-------- Provided data --------

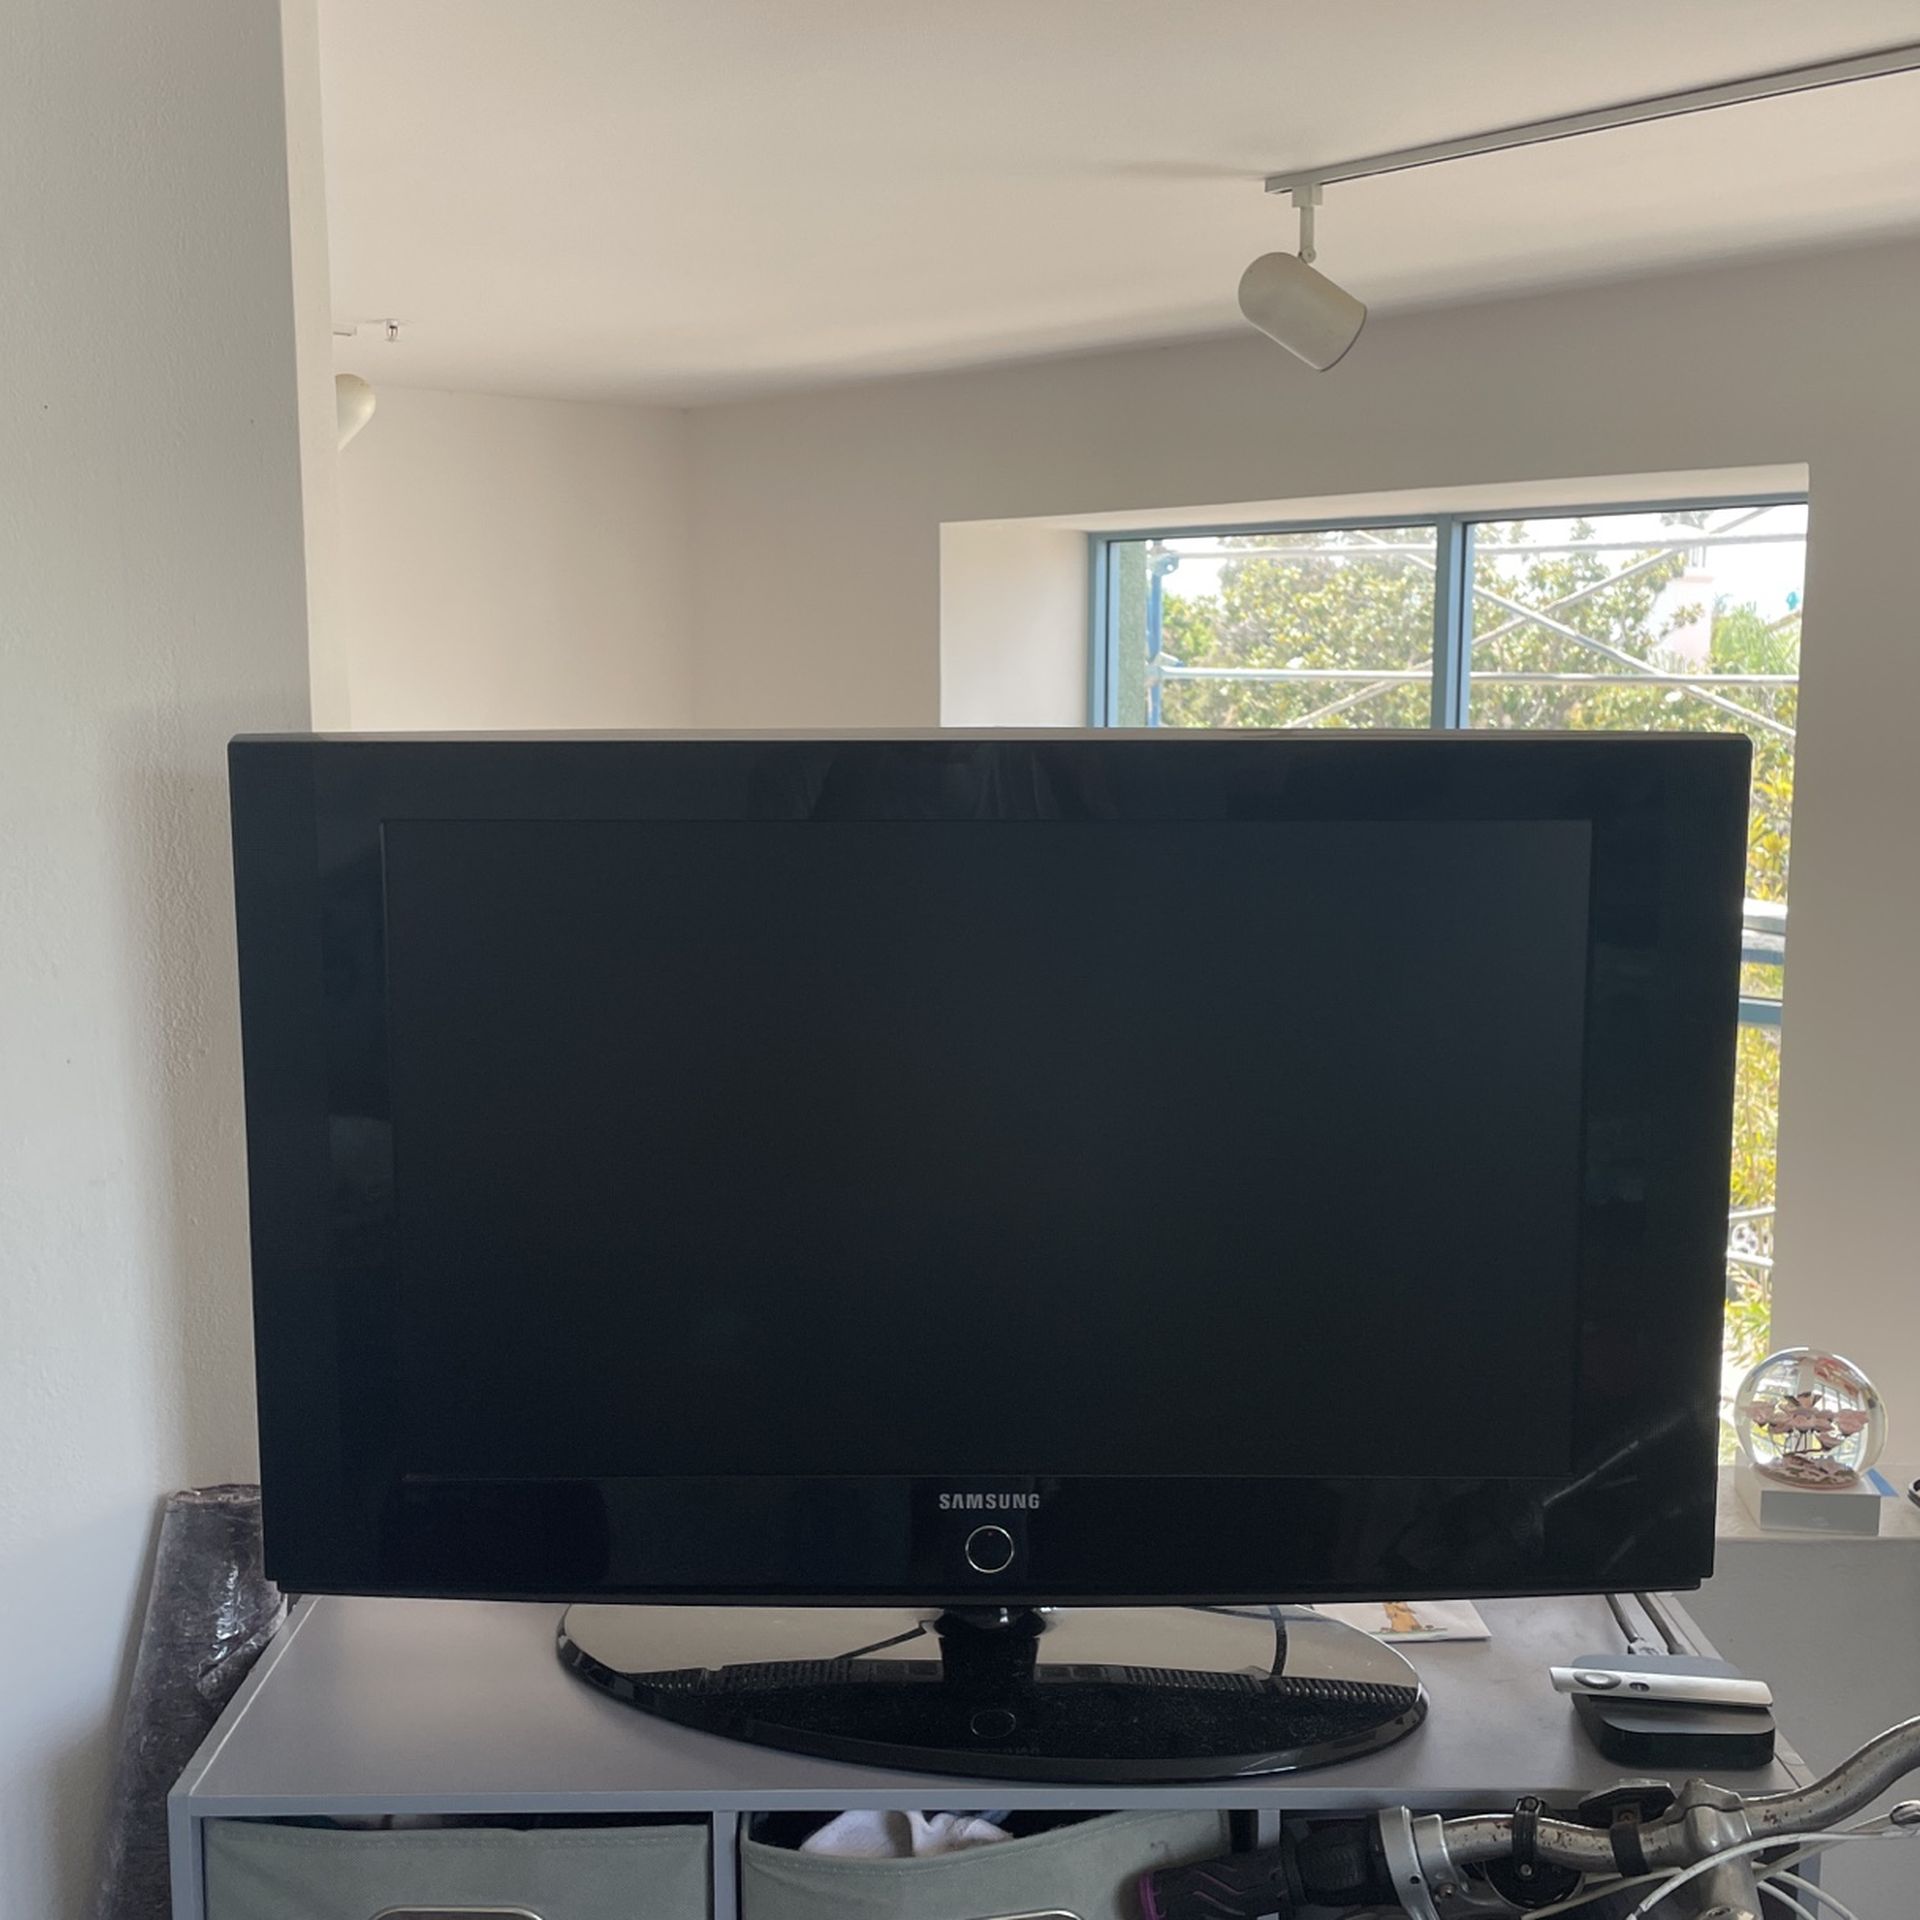 Samsung TV (32 in) and Apple TV
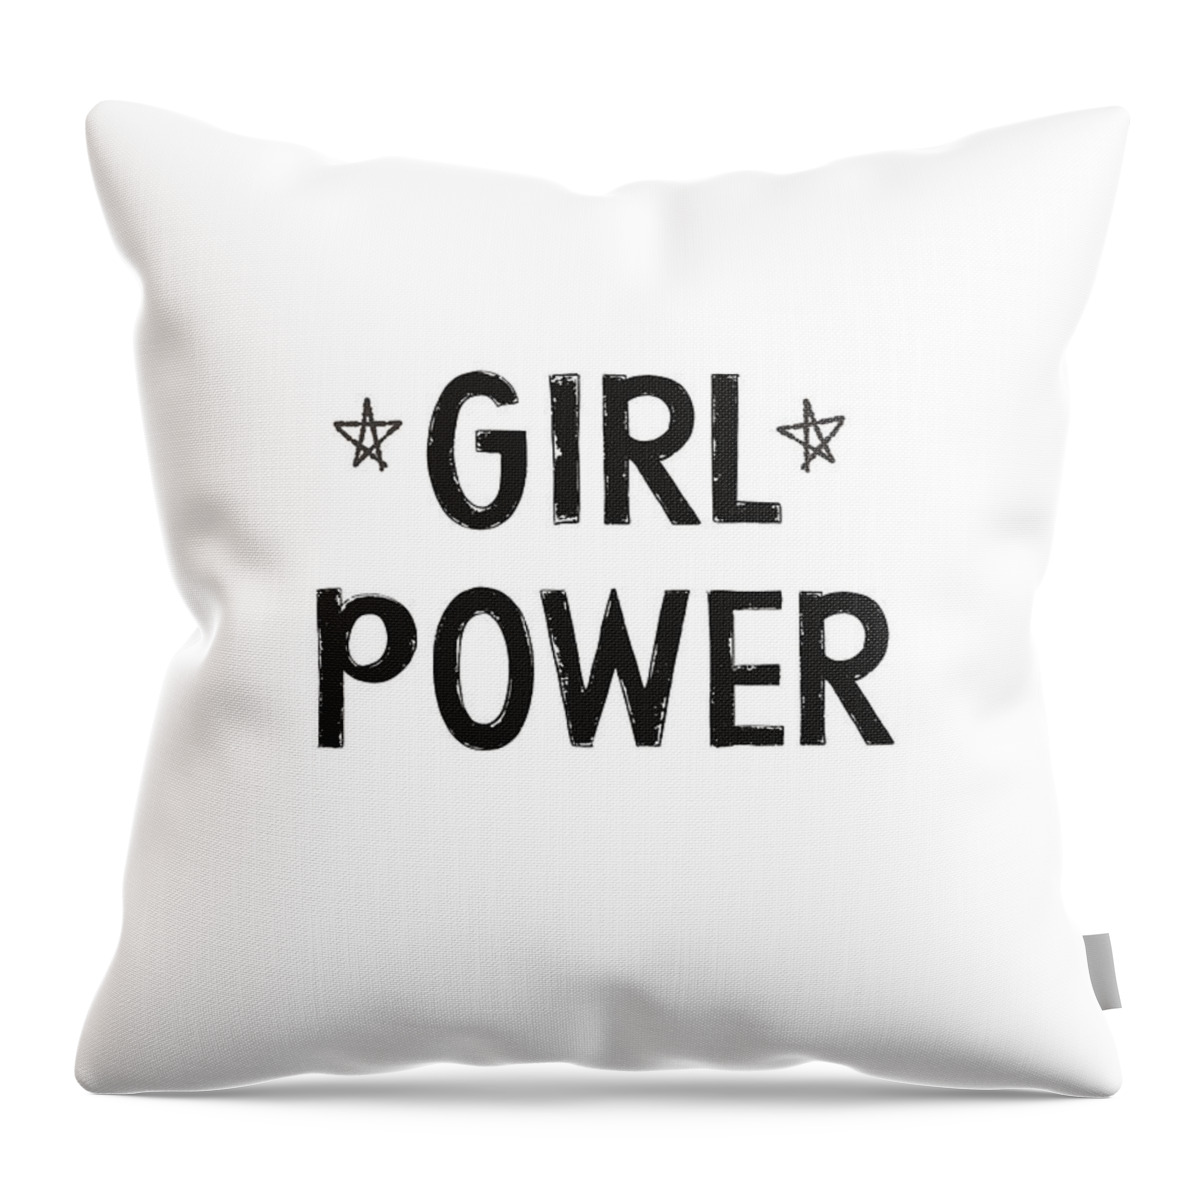 Girl Power Throw Pillow featuring the digital art Girl Power- Design by Linda Woods by Linda Woods
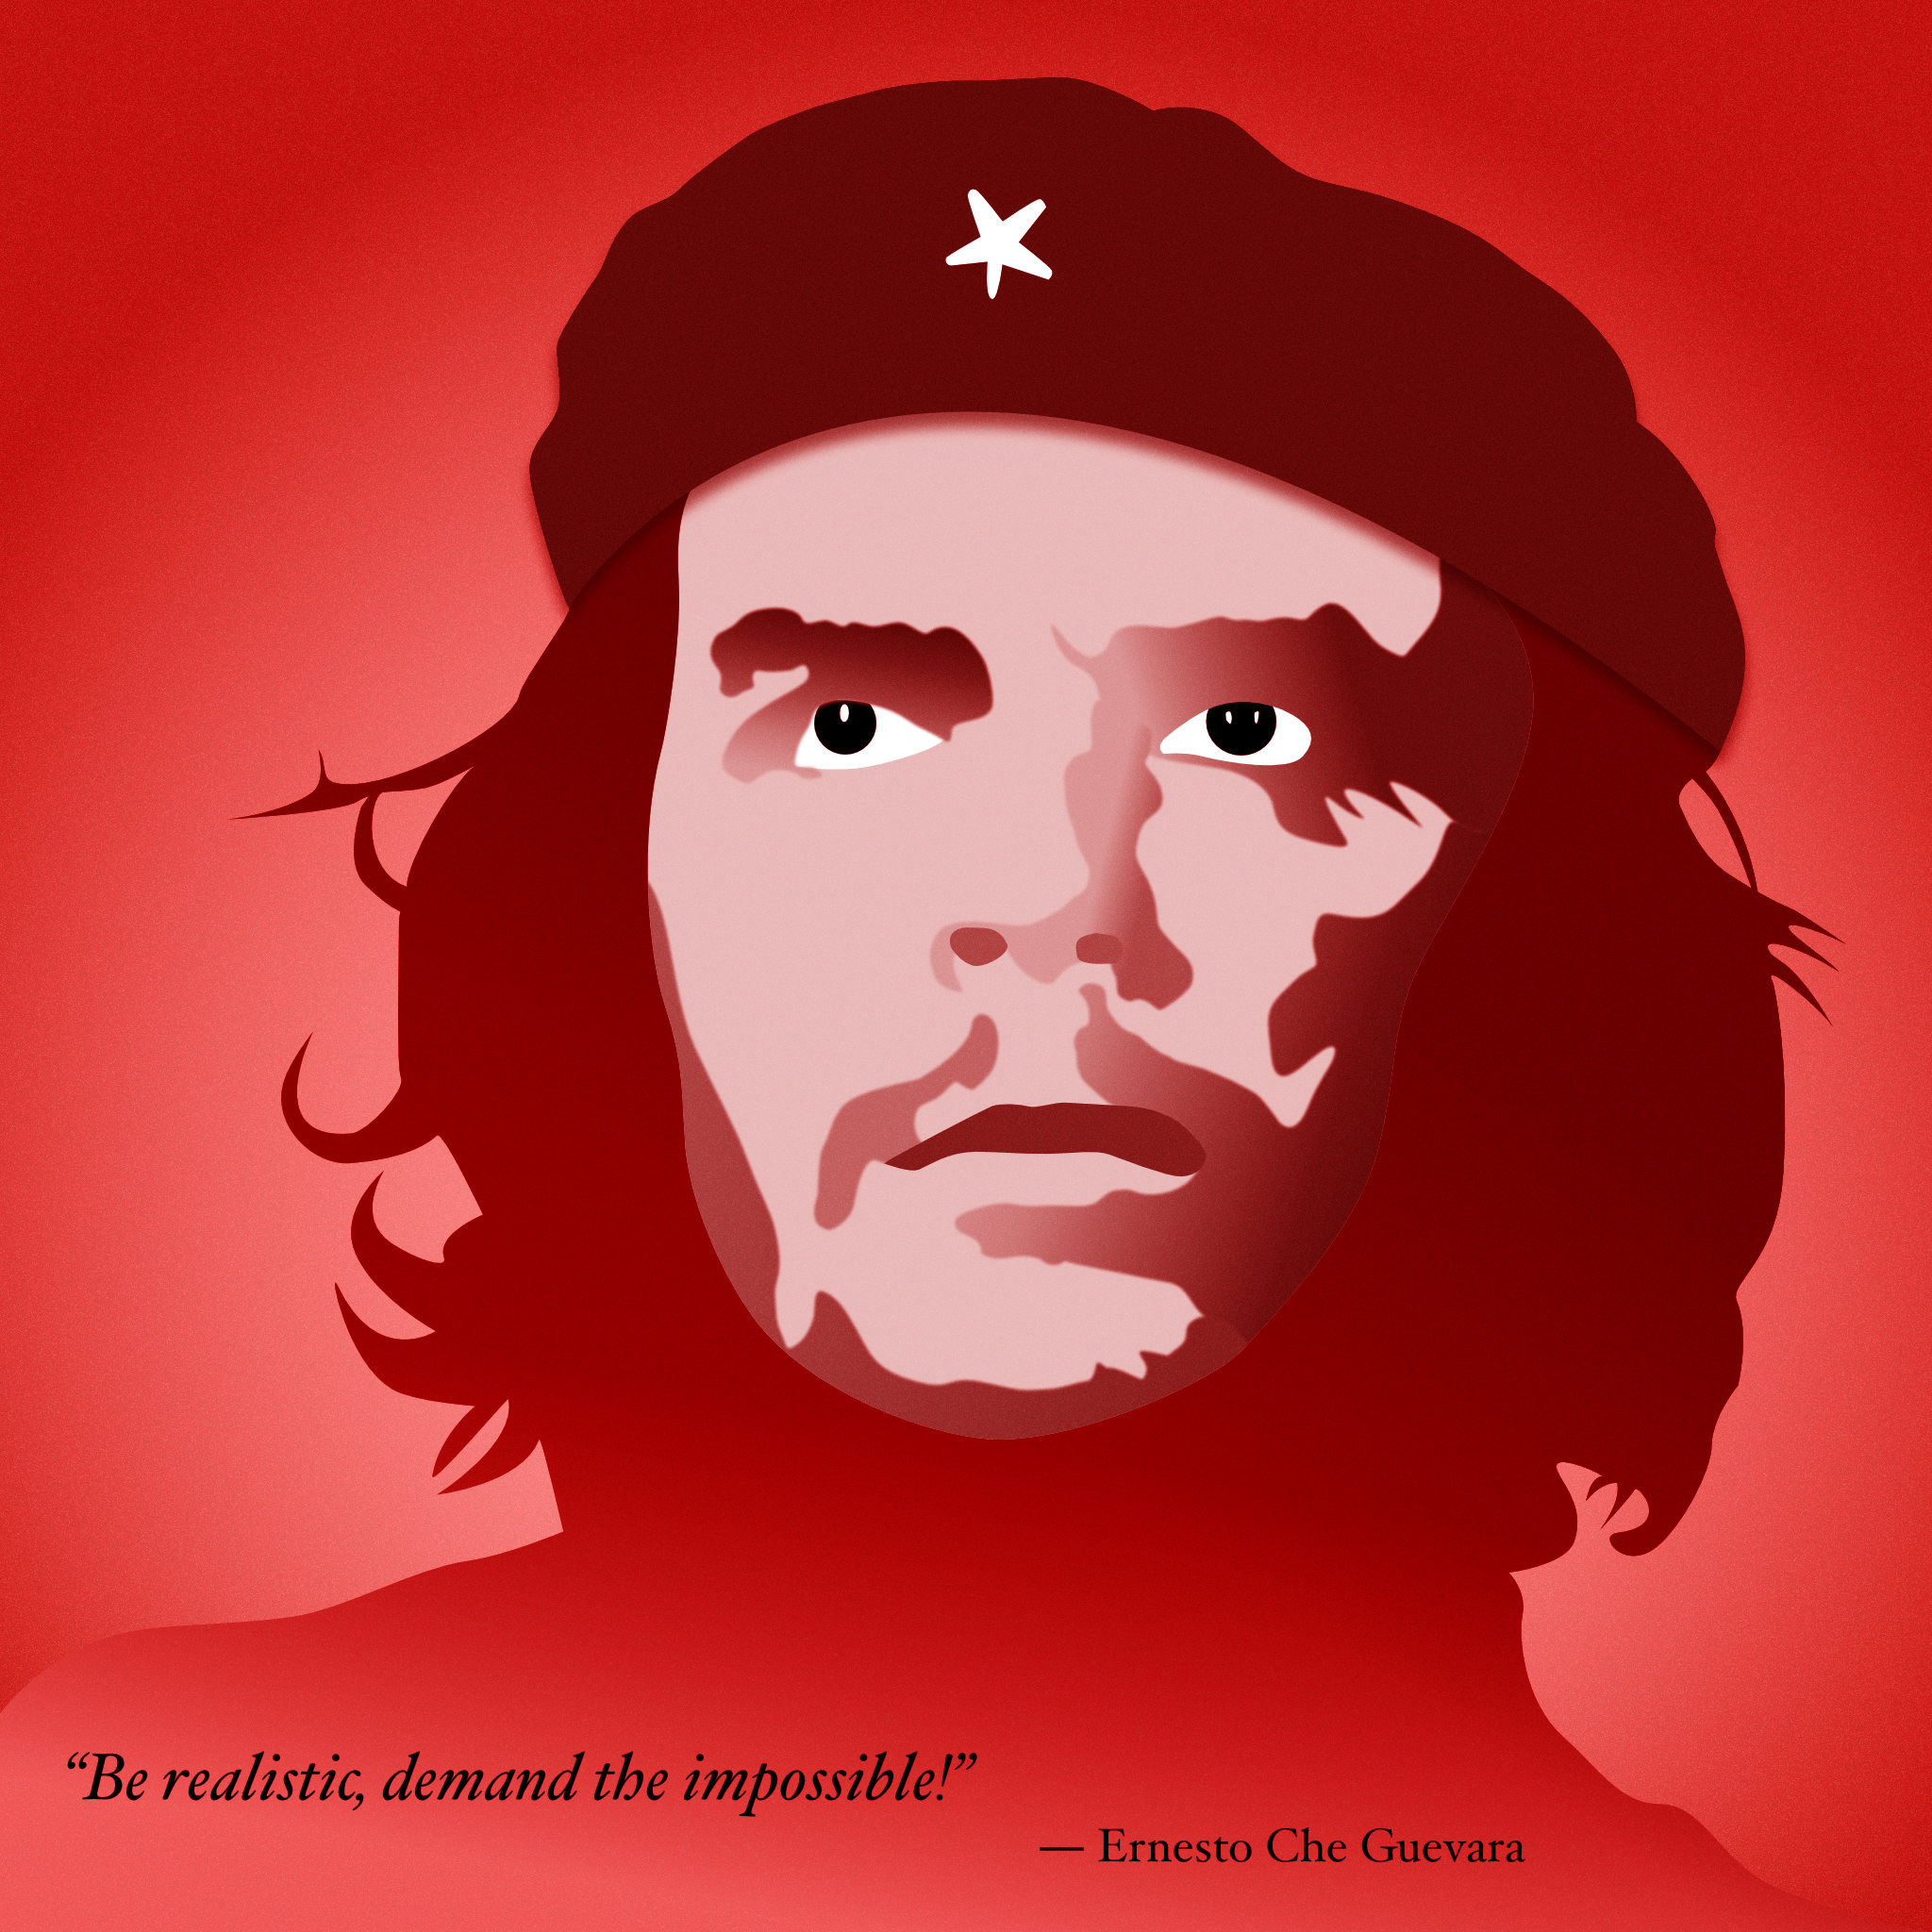 Vector portrait of Che Guevara, in red tones. Based on the iconic photo by Fidel A. Korda.

--------

- _About this task_
Would you transcribe, exactly and only, the lines from the one that contains "Girl Power Throw" through the last line of the data above, without any pictures?

- _Answer box_
 Girl Power Throw Pillow featuring the digital art Girl Power- Design by Linda Woods by Linda Woods
 Vector portrait of Che Guevara, in red tones. Based on the iconic photo by Fidel A. Korda.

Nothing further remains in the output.